Begitulah, ibu keras, tapi rapuh dan muda tersentuh. Belakangan, karena ketegarannya, Ibu mampu mengantarkan kami, empat anaknya, menapaki jenjang pendidikan tinggi. Kecuali si bungsu yang baru akan kuliah, tiga orang kakaknya berhasil menyelesaikan sarjana. Meski tidak gampang untuk mencapainya, tapi kekuatan, ketegaran, dan doa Abah dan Ibu, mampu membuat kami yang menjalani mengenyam pendidikan, terasa enteng.

Ketika kami menjalani proses itu, saya tahu, Ibu masih sering terbangun tengah malam. Kemudian melakukan sholat malam, dan memohon Yang Di Atas memberikan jalan kepada kami semua. Sementara Abah, melakukan dengan caranya sendiri. Berdoa dengan bahasa sendiri. Abah bukanlah seorang yang pandai sholat. Kehidupan jauh dari didikan pesantren, menyebabkan Abah harus belajar sholat dan mengaji menapaki usia tua. Tapi tidak masalah, tidak ada kata terlambat.

Dilihat dari ukuran warga sedesa, hampir mustahil kami mencapai seperti saat ini. Harta sangat minim, pekerjaan Abah dan Ibu hanya buruh tani, sangat wajar mendapat banyak cibiran di masa-masa awal ketika Abah dan Ibu mengamini Kakak pertama melanjutkan studi ke jenjang lebih tinggi. Nyatanya tidak ada yang tidak mungkin. Ikhtiar dan doa yang mustajab, plus keprihatinan yang dipupuk Ibu dan Abah sejak kecil, mampu mengantarkan kami seperti saat ini.

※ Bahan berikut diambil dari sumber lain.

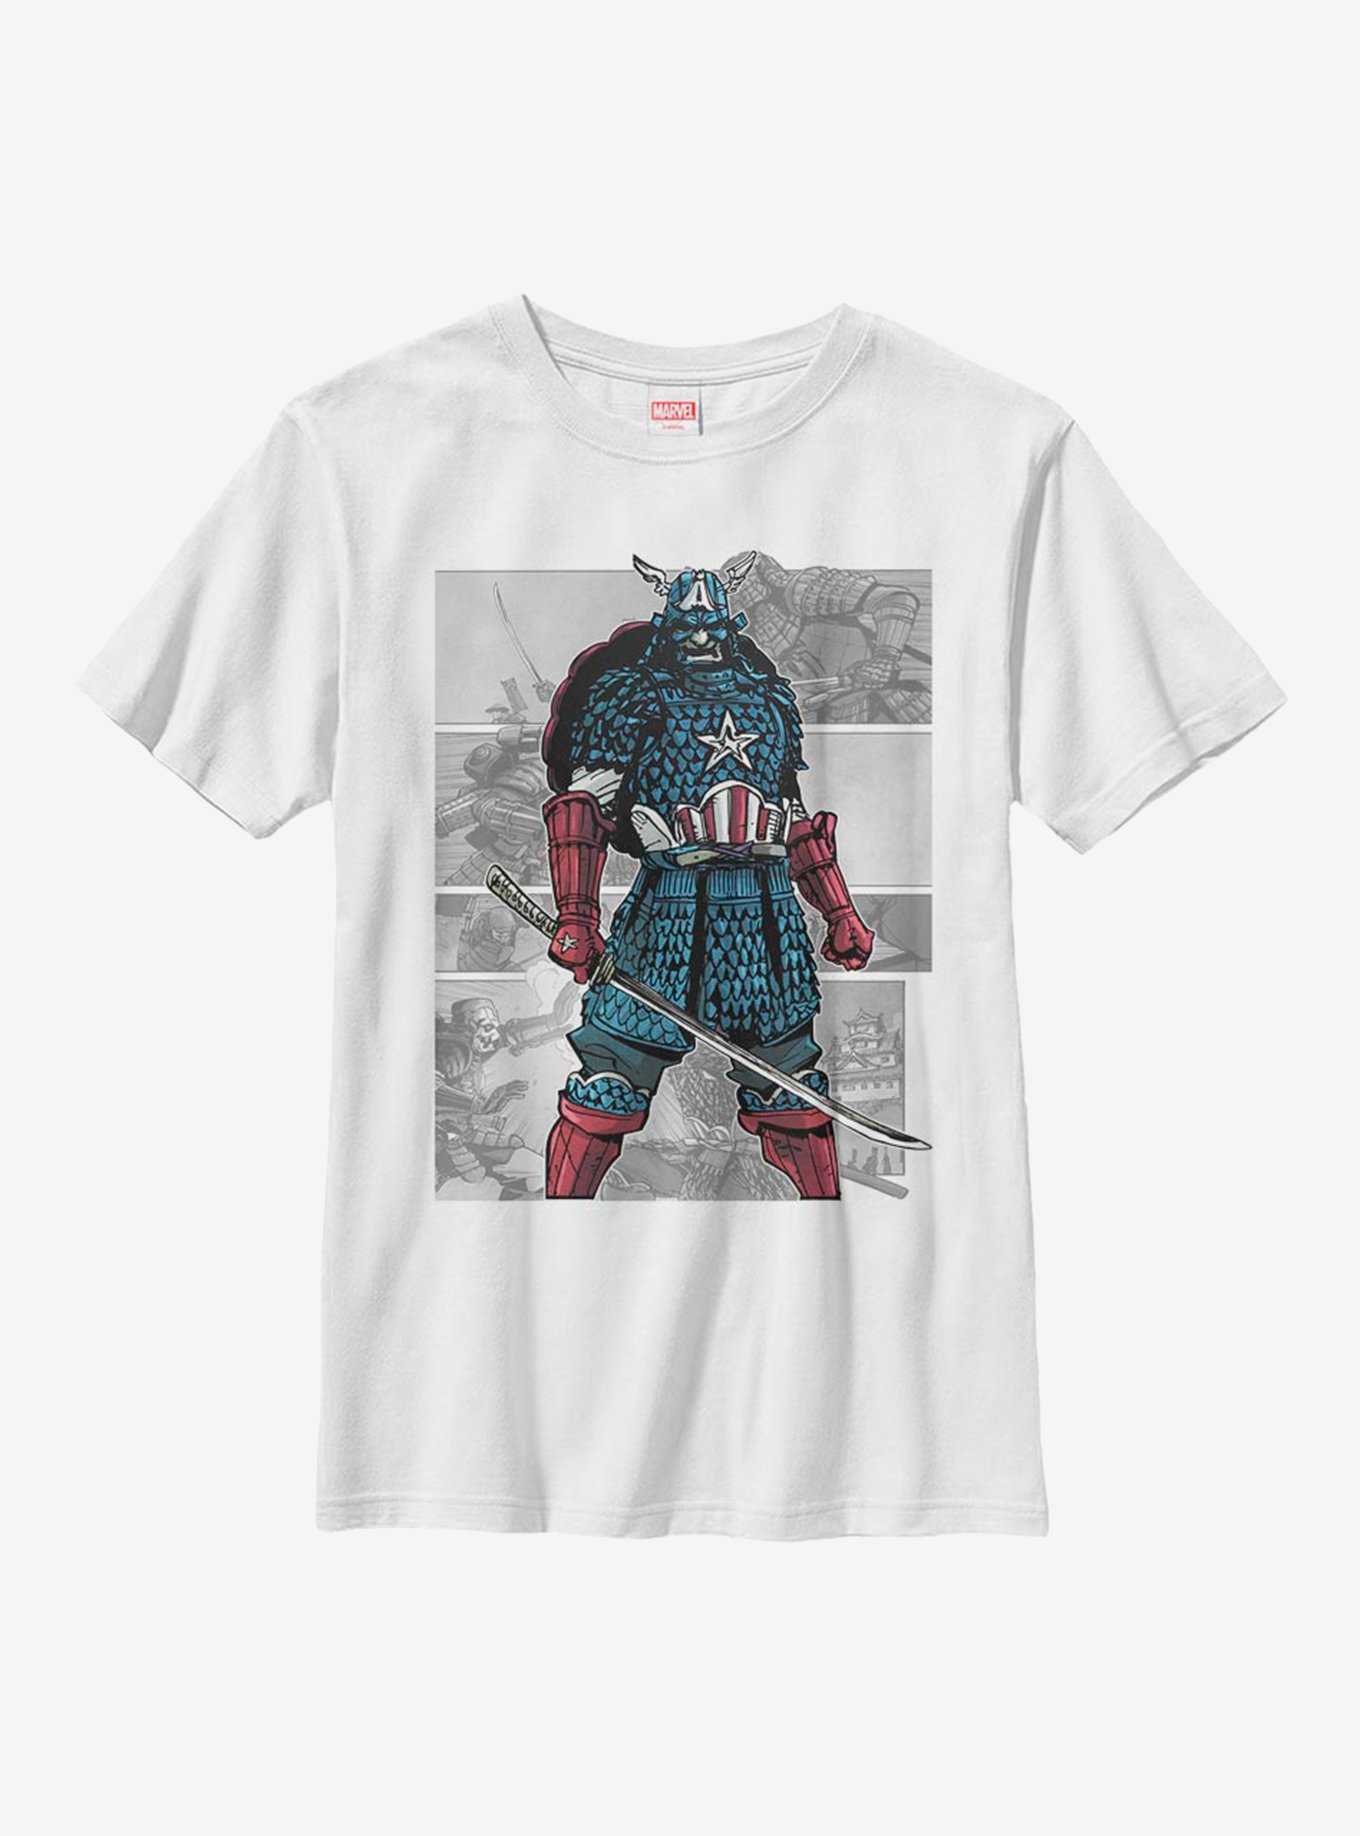 Marvel Captain America USA Samurai Youth T-Shirt, , hi-res

Saya, kini Direktur di sebuah perusahaan Public Relation dengan klien-klien yang kerap menjadi bahan pemberitaan media-media besar di Jakarta, setelah sebelumnya menjadi juru warta di dua buah perusahaan media cetak ternama di Indonesia. Kakak pertama, menjadi wakil kepala sekolah di SMP kecamatan di kampung saya. Adik pertama saya, kini sudah menjalani dan menikmati status Pegawai Negeri Sipil (PNS) di Kementerian Energi dan Sumber Daya Mineral (ESDM). Si bungsu, sedang menjalani bimbingan belajar menjelang kuliah dan tinggal bersama saya di Bekasi.

Tuhan Maha Mengetahui apa yang menjadi doa-doa Ibu di tengah malam, ketika yang lain terlelap dan terbuai dalam mimpi. Semoga Allah senantiasa memberikan kebahagiaan Ibu dan Abah di masa tua, kebahagiaan di dunia dan akhirat. Amin Ya Robbal Alamin.